Lakeview: Did the developers just drop their worker accommodation promise?

“Affordable co-living units” to be delivered as part of the billion-dollar Lakeview development were marketed as one solution to Queenstown’s affordable housing pressures, but that promise now looks like it may not be delivered.

In its resource consent application to the Environmental Protection Authority for the first two stages of the project, which is controversially being considered under the Government’s fast-track consenting process, the developer has almost consistently included “visitor accommodation” in brackets after any reference to co-living.

For some, it feels as if a key objective of the project, to create a mix of residential options in the Queenstown CBD for locals, is slipping out of reach.

Councillor Quentin Smith is questioning whether the Lakeview developers will deliver on affordable housing for workers or whether a promise of 'affordable co-living units' is simply 'marketing spiel'.

Queenstown Lakes District councillor Quentin Smith says Lakeview’s always been a mixed-use development – think residential apartments, retail, galleries, restaurants – but the “story” was always that it was dependent on permanent residents to ensure that it remained a vibrant, liveable space.

In his view, “co-living” was never a very well defined term, and he thinks councillors have interpreted it to mean one thing, and the developers, another, he says.

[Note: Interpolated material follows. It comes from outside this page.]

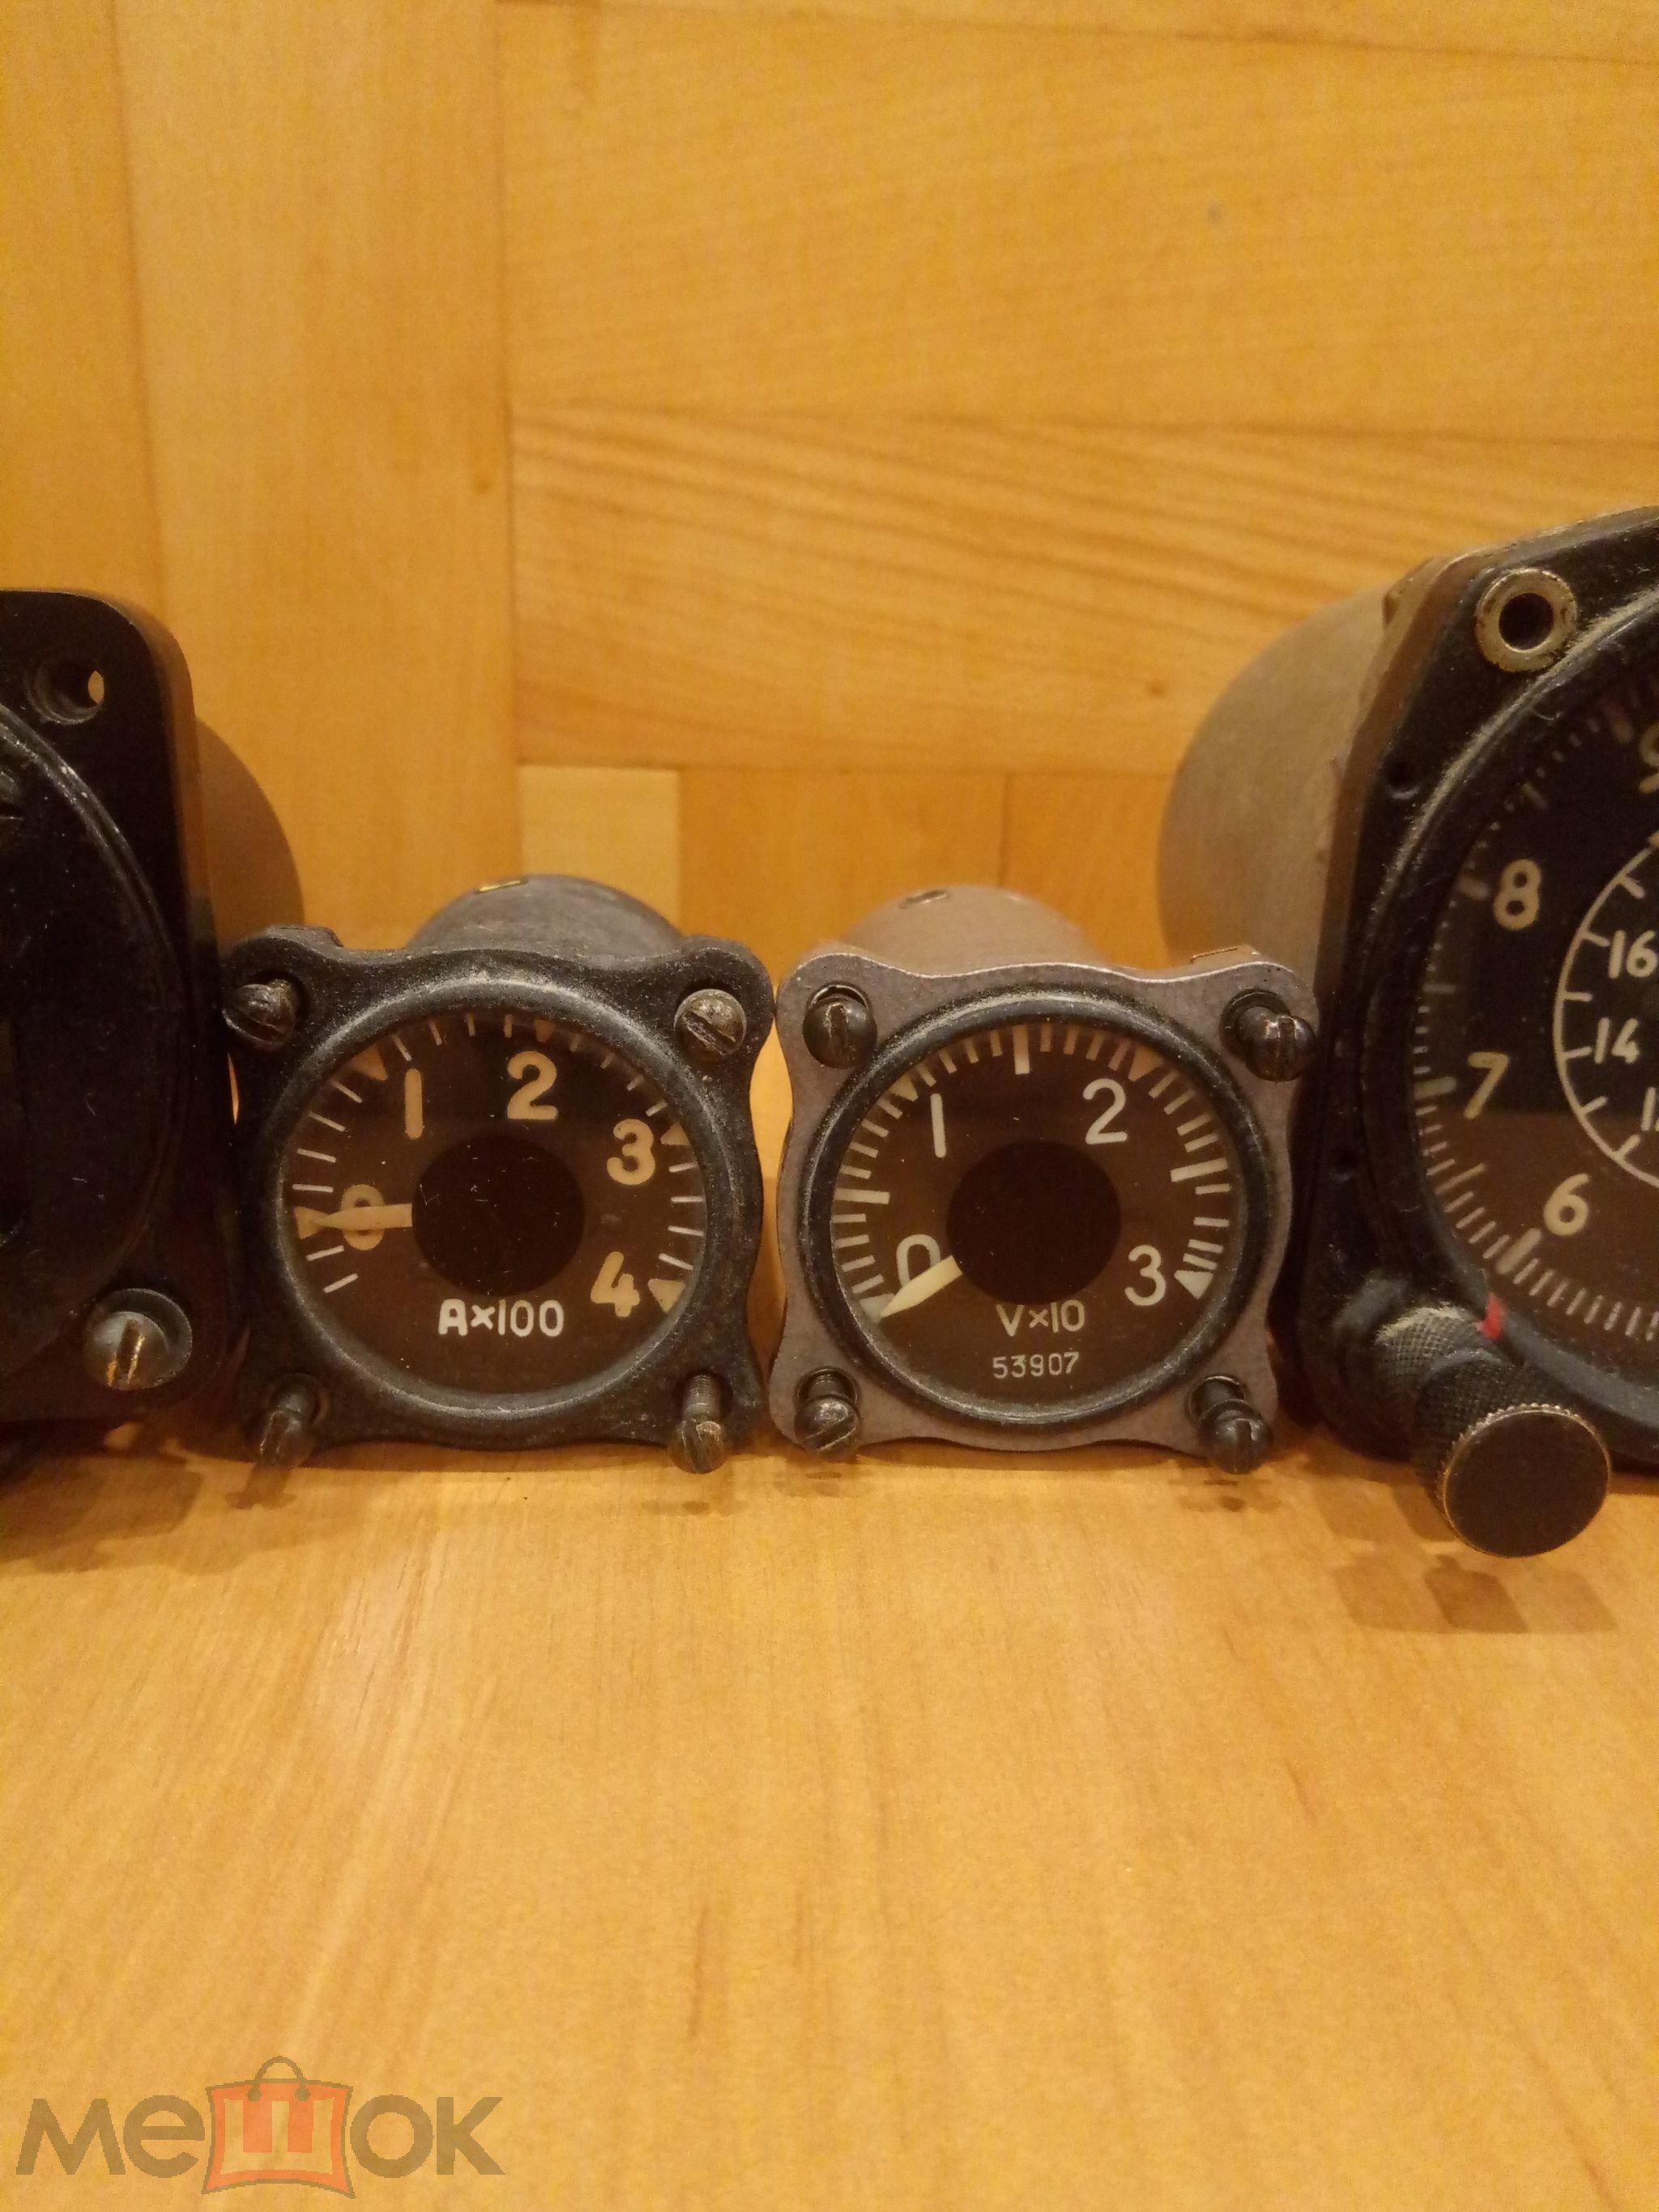 Авиационные приборы. 5 штук одним лотом. Высотомер. Вольтамперметр.Компас и др. С 1 рубля.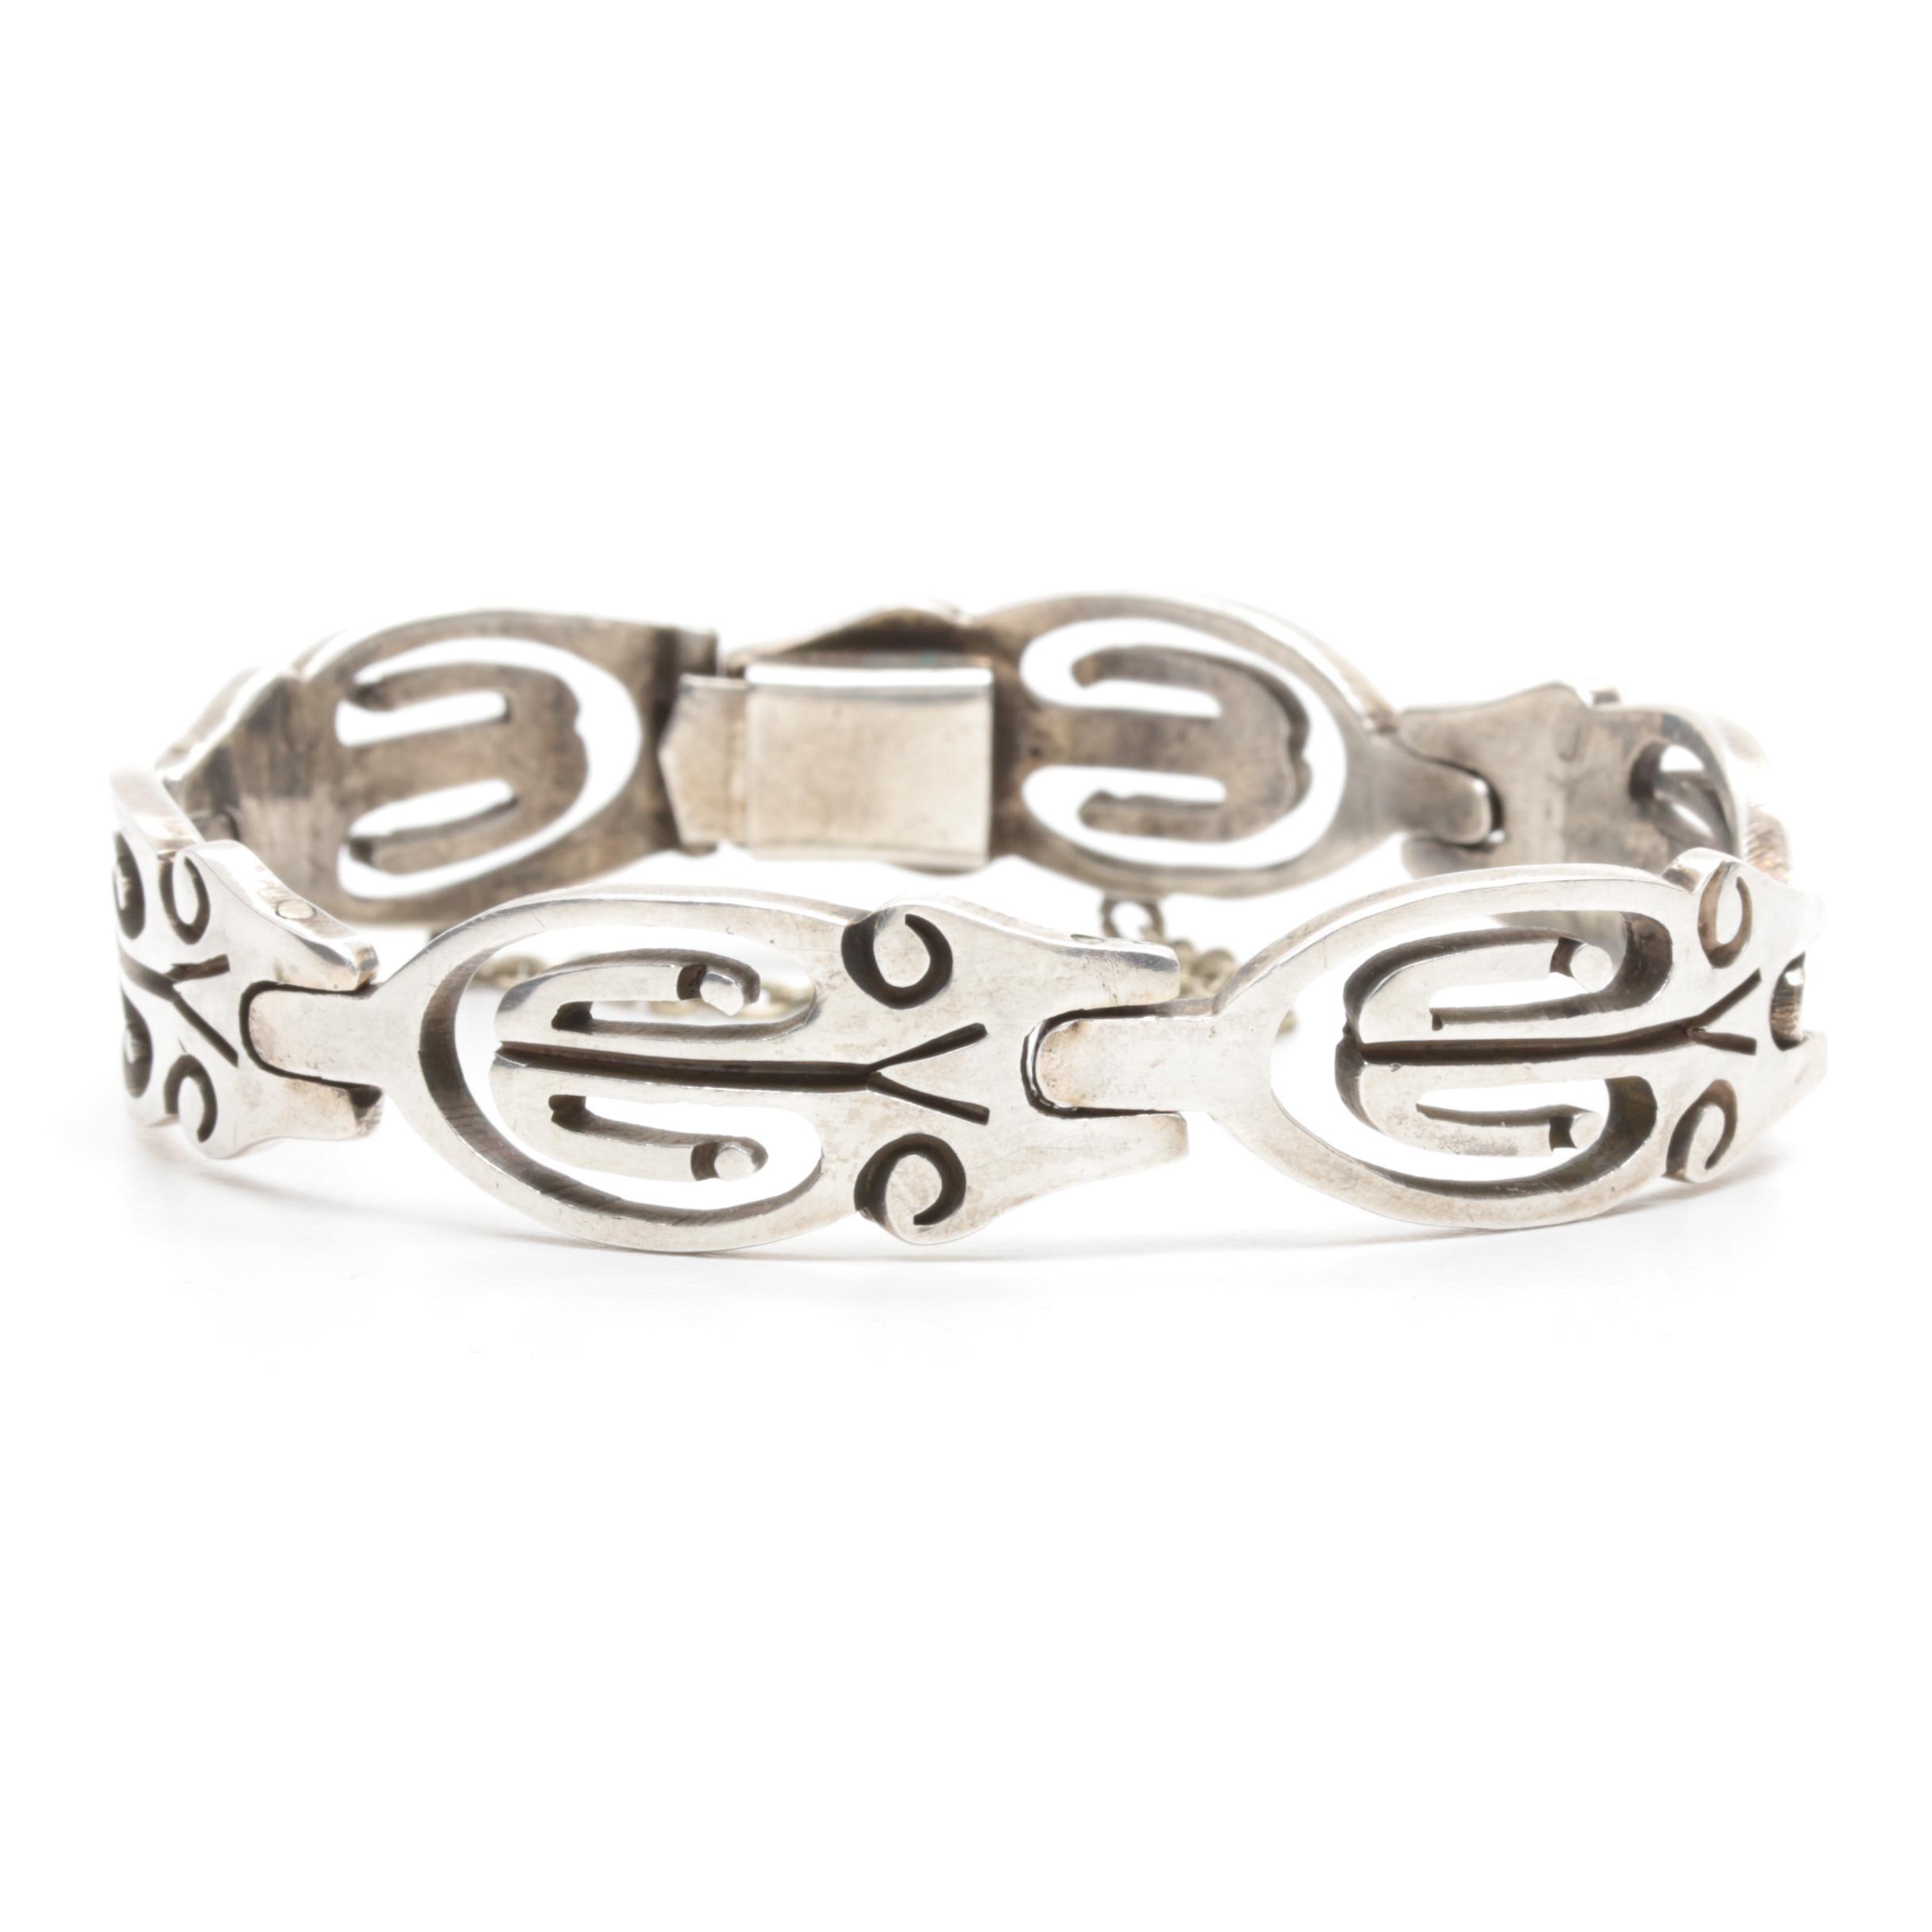 Taxco Sterling Silver Openwork Bracelet

“They've taken the provisions for co-living to provide for more visitor accommodation, basically, which, in my view, goes against the intent of the development agreement.

“We want people to be living there.”

While he had envisaged the co-living units being lived in by young professionals, who otherwise struggle to get a foot in the housing market door in the CBD, the developer is making a case for the spaces to be for shorter visitor stays, he says.

“You might have a studio apartment type thing and you might have some shared facilities like laundry and media rooms, and go down to the cafe downstairs and work on your computer.

“It’s sort of that modern, professional living thing that you might see in the big city. That’s what I understood we were being sold when they talked about co-living.”

By not locking in definitions of what was intended by “co-living” and “short and long-term visitors”, councillor Smith’s concerned some of the council’s core project objectives may not be realised.

It’s a view shared by councillor Niki Gladding.

When the Lakeview development was first pitched to councillors by staff, it was generally understood the co-living spaces were to be long-term, cheaper, worker accommodation, she says.

“The problem was, the development agreement got signed without us being able to look through the terms and understand whether it achieved the project objectives.

“And if we had done that I certainly would have noticed that there was no definition around co-living.”

The Queenstown Lakes District Council could have sold the Lakeview land outright to the developer – it was valued in part at $42 million – but decided to enter into a development agreement to retain some control over project objectives.

One of its stated project objectives: “to deliver a variety of housing outcomes and/or a diverse residential community”.

Another: “considers opportunities for visitor accommodation and/or visitor facilities where these are economically viable”.

The difference in wording suggests a difference in priority - "to deliver" versus "considers".

Councillor Gladding also says there’s some conflicting definitions of the “co-living” term in different documents relating to Lakeview. 

“You could read one part of the masterplan and go ‘oh, yes, it is what we thought it was’ and then you read another part and ‘no’. So, I think it was very confused.”

It’s the same in a scan of the hundreds of pages of the resource consent application.

For the most part, the developer consistently refers to “co-living (visitor accommodation) units”.

One of the few times the developer fails to include “visitor accommodation” in brackets immediately after the use of “co-living” in its fast-track application is in its “Economic Assessment” document.

Here, the developer tells decisionmakers Queenstown’s housing remains “chronically unaffordable” and their proposal, while not a silver bullet for the district’s housing problems, will boost supply and provide greater choice in a central location.

In a media statement in December announcing a decision to fast track consent, Centuria Capital, part of the development consortium, called them 'affordable co-living spaces'. Now, they’re routinely referred to as 'co-living (visitor accommodation) units' by the developer.

In this part of the resource consent documents, the co-living units are described as “long-stay visitor accommodation”.

In councillor Smith’s opinion, the developer rolls out their marketing spiel about the benefits of co-living spaces when it suits, but is leaving themselves room to redefine them to suit their own commercial needs.

Councillor Gladding says she doesn’t think it’s a case of the developer “trying to pull one over us”.

Co-living was never defined as long-term worker accommodation, regardless of what councillors themselves pictured it to be, and that was “poor process”, she says.

“It was very loose right from the start.

“It goes back to the councillors should have had eyes on that DA (development agreement)."

It’s put a core objective of the Lakeview project at risk, she says.

“I don’t think we're going to make a lot of money now, which makes the other project objectives much more important.

“And the key one is to have a diverse mix of residential accommodation in town where the workers are needed.

“It’s a project objective that, personally, I was hanging on to.

“But I don't believe that what we're putting in place really meets the project objectives of a diverse mix of residential accommodation.”